Co-authored-by: chhwang <8018170+chhwang@users.noreply.github.com>
The recent removal of GTest and introduction of custom test framework
requires MPI dependency which is not needed for CodeQL analysis.
Disable test building in CodeQL workflows to fix the build failures.
CodeQL only needs to analyze the core library code, not the tests.
Co-authored-by: chhwang <8018170+chhwang@users.noreply.github.com>
Support --gtest_filter command line argument for test filtering,
compatible with Azure pipeline configurations.

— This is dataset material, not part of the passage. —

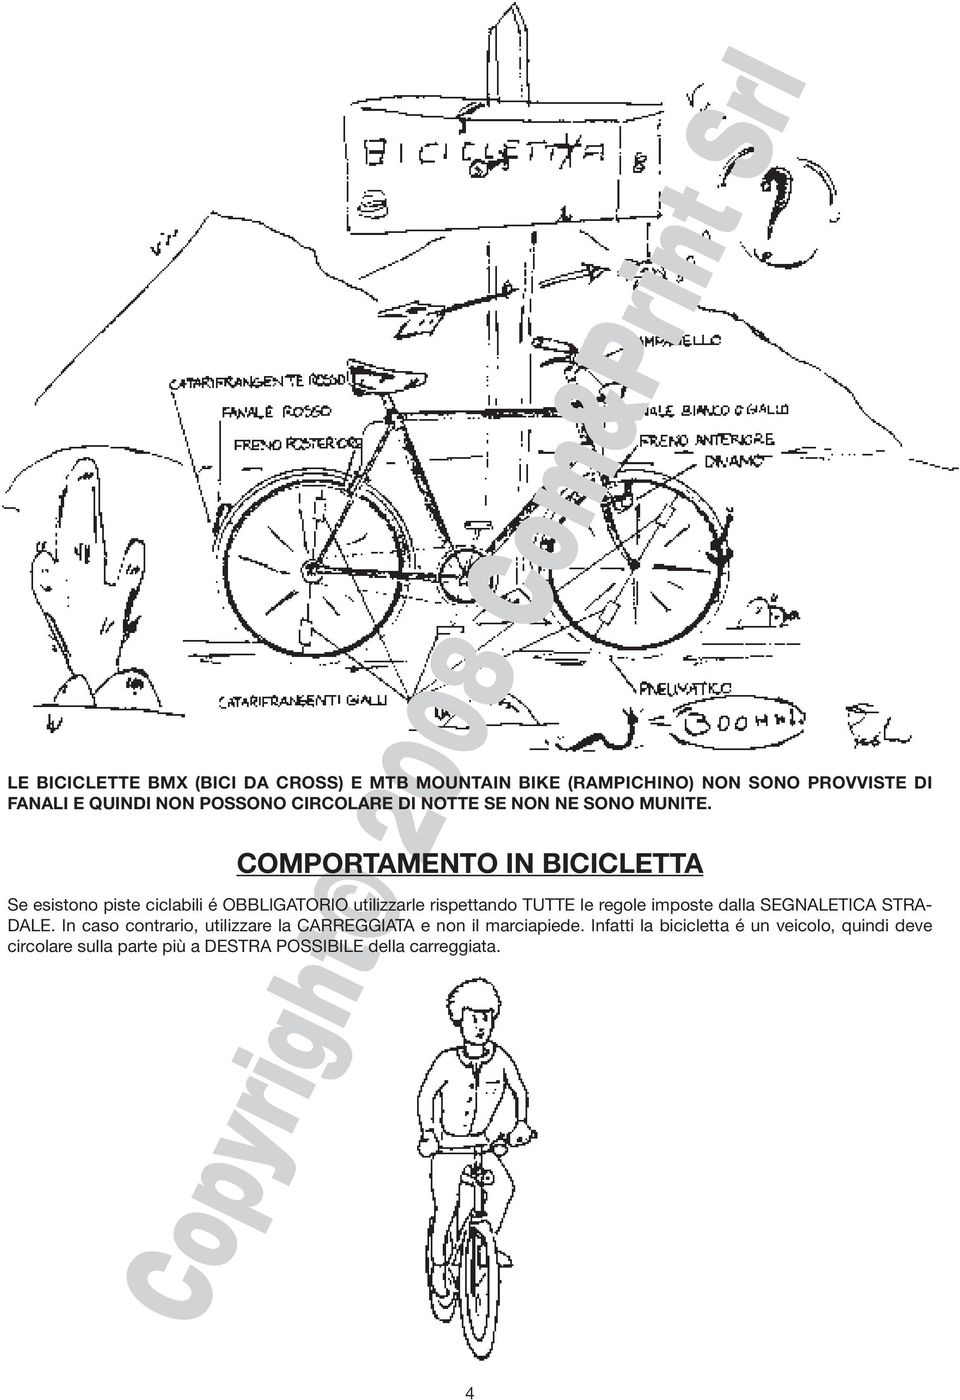 COMPORTAMENTO IN BICICLETTA Se esistono piste ciclabili é OBBLIGATORIO utilizzarle rispettando TUTTE le regole imposte

Co-authored-by: chhwang <8018170+chhwang@users.noreply.github.com>
- Move test framework from test/perf/ to test/ for shared use
- Add GTest-compatible macros (TEST, TEST_F, EXPECT_*, ASSERT_*, etc.)

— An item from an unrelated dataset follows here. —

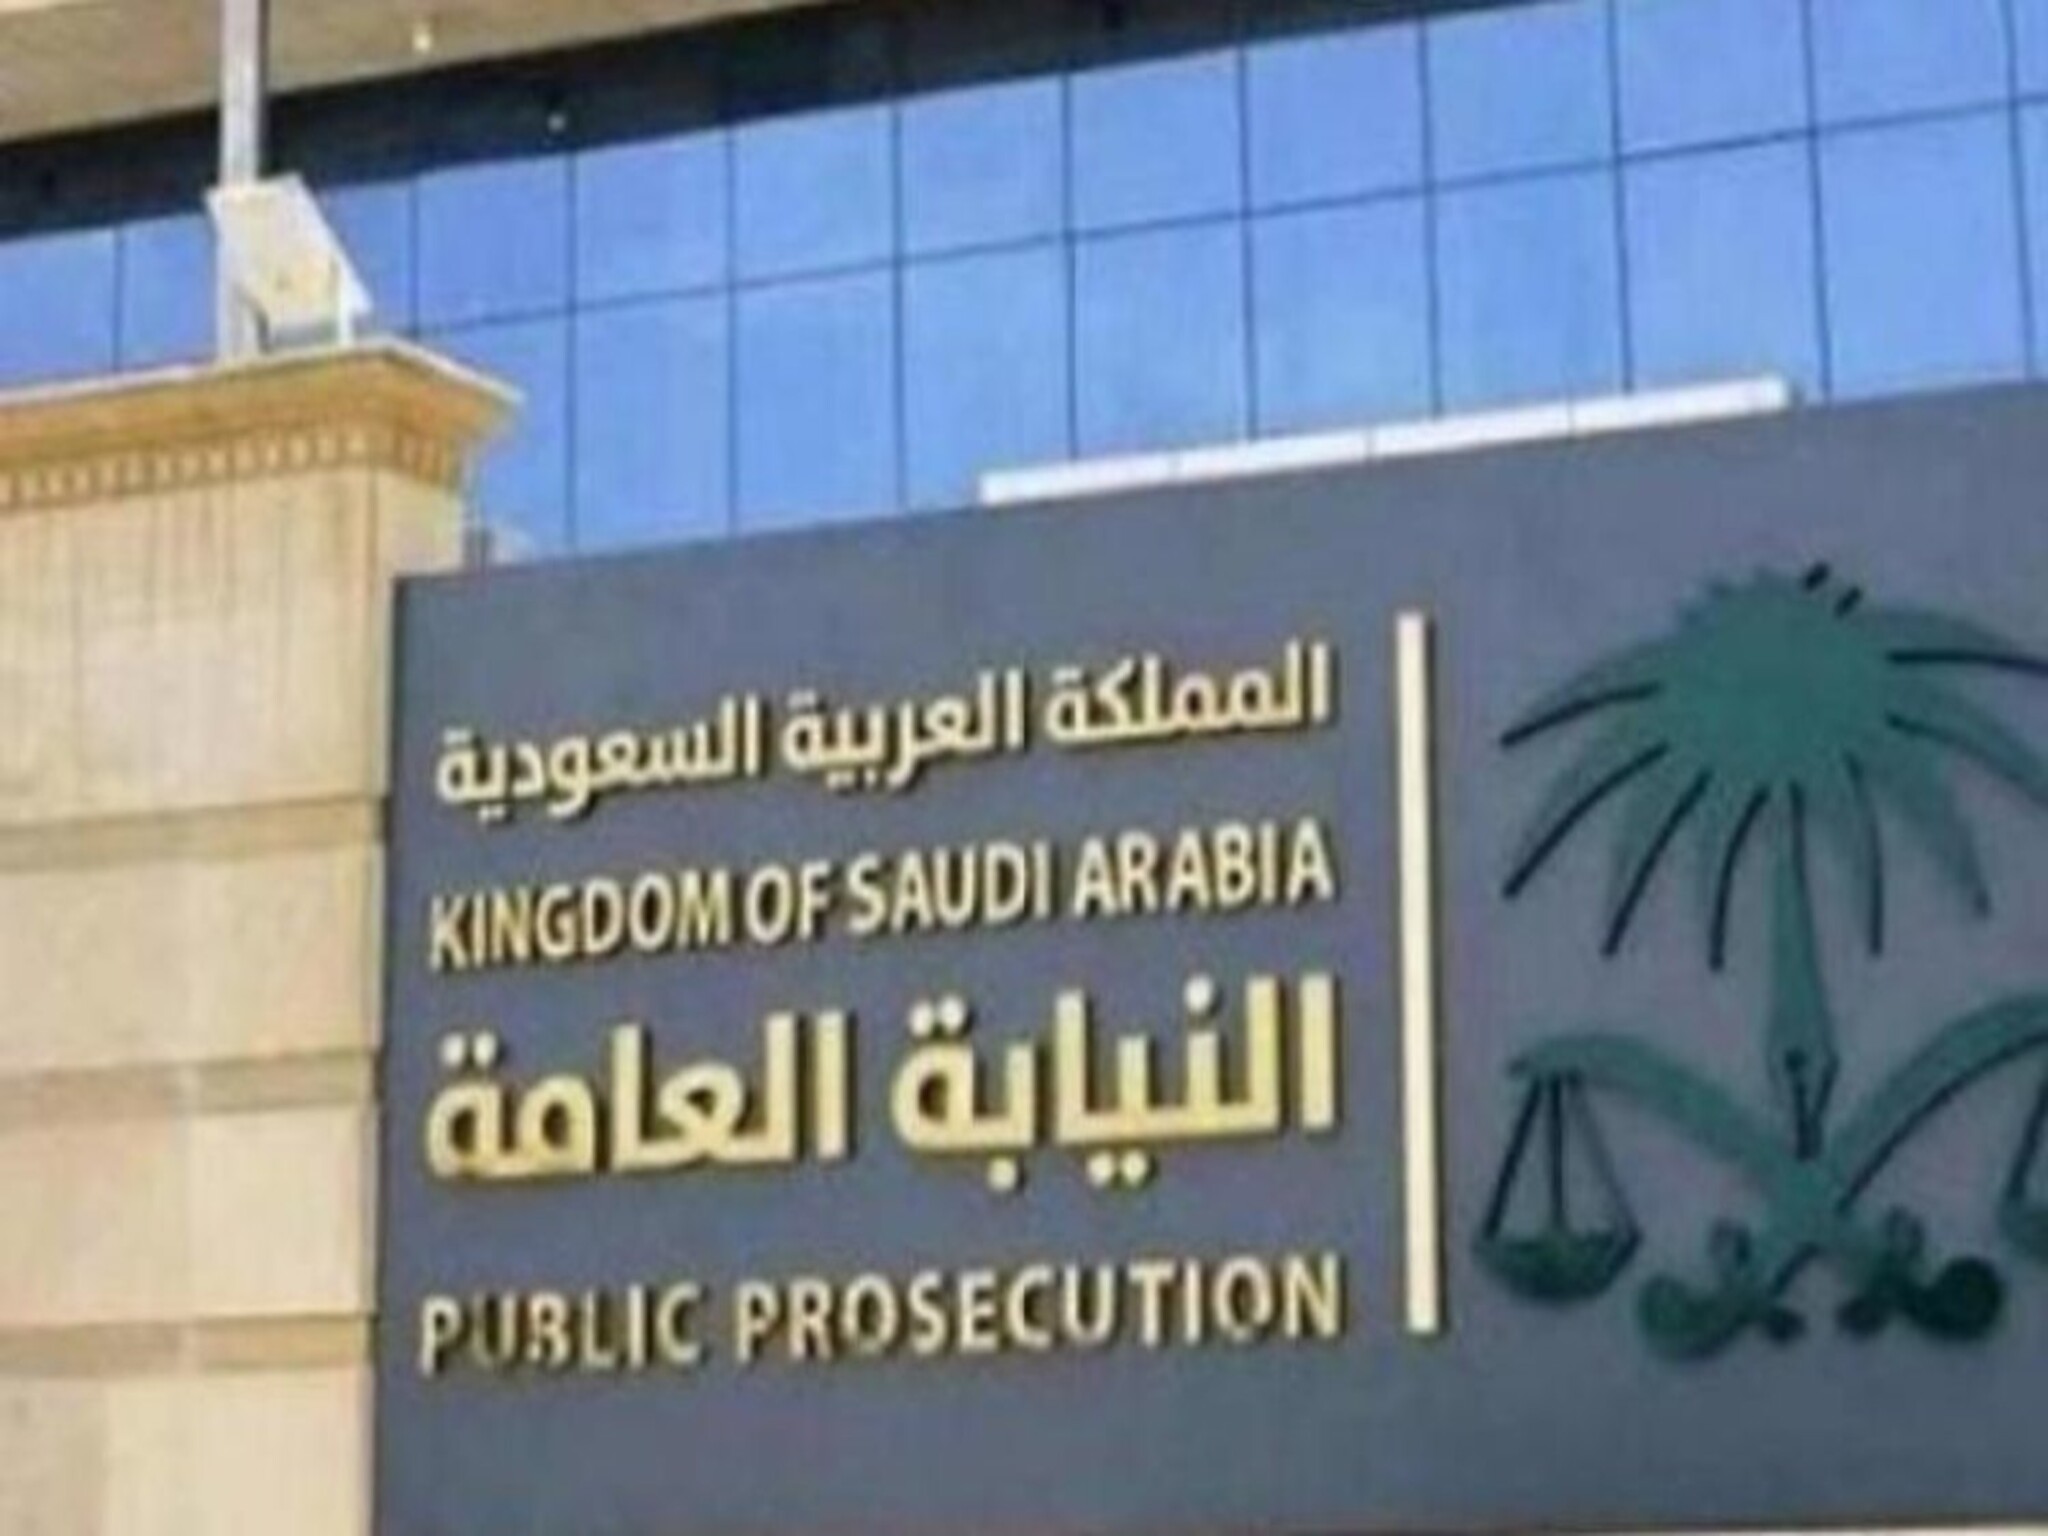 النيابة العامة بالسعودية تضبط وافد وثلاثة مواطنين بتهمة غسيل الأموال

- Remove GTest dependency from CMakeLists.txt
- Add test_framework library for unit and mp_unit tests
- Add code coverage support with lcov (MSCCLPP_ENABLE_COVERAGE option)
- Update perf tests to use shared framework
Co-authored-by: chhwang <8018170+chhwang@users.noreply.github.com>
- Modified test/mp_unit/mp_unit_tests.hpp to use ../framework.hpp instead of gtest/gtest.h
- Enhanced test/framework.hpp with GTest-compatible APIs:
- Added Environment base class for global test setup/teardown
- Added TestInfo and UnitTest classes for test metadata access
- Added GTEST_SKIP macro support via SkipHelper class
- Added namespace alias 'testing' for compatibility
- Added InitGoogleTest and AddGlobalTestEnvironment helper functions
- Updated test/framework.cc with implementations for new classes
- All mp_unit test files now use framework.hpp through mp_unit_tests.hpp
- Formatting applied via lint.sh
Co-authored-by: chhwang <8018170+chhwang@users.noreply.github.com>
* Added configurable InfiniBand (IB) signaling mode.
`EndpointConfig::Ib::Mode` enum selects the mode (`Default`, `Host`,
`HostNoAtomic`). `Default` is equivalent to `Host` unless specified
different by envrionment `MSCCLPP_IBV_MODE`. `Host` corresponds to the
previous implementation using RDMA atomics for signaling, while
`HostNoAtomic` uses write-with-immediate instead.
* Regarding updates in Python bindings and API.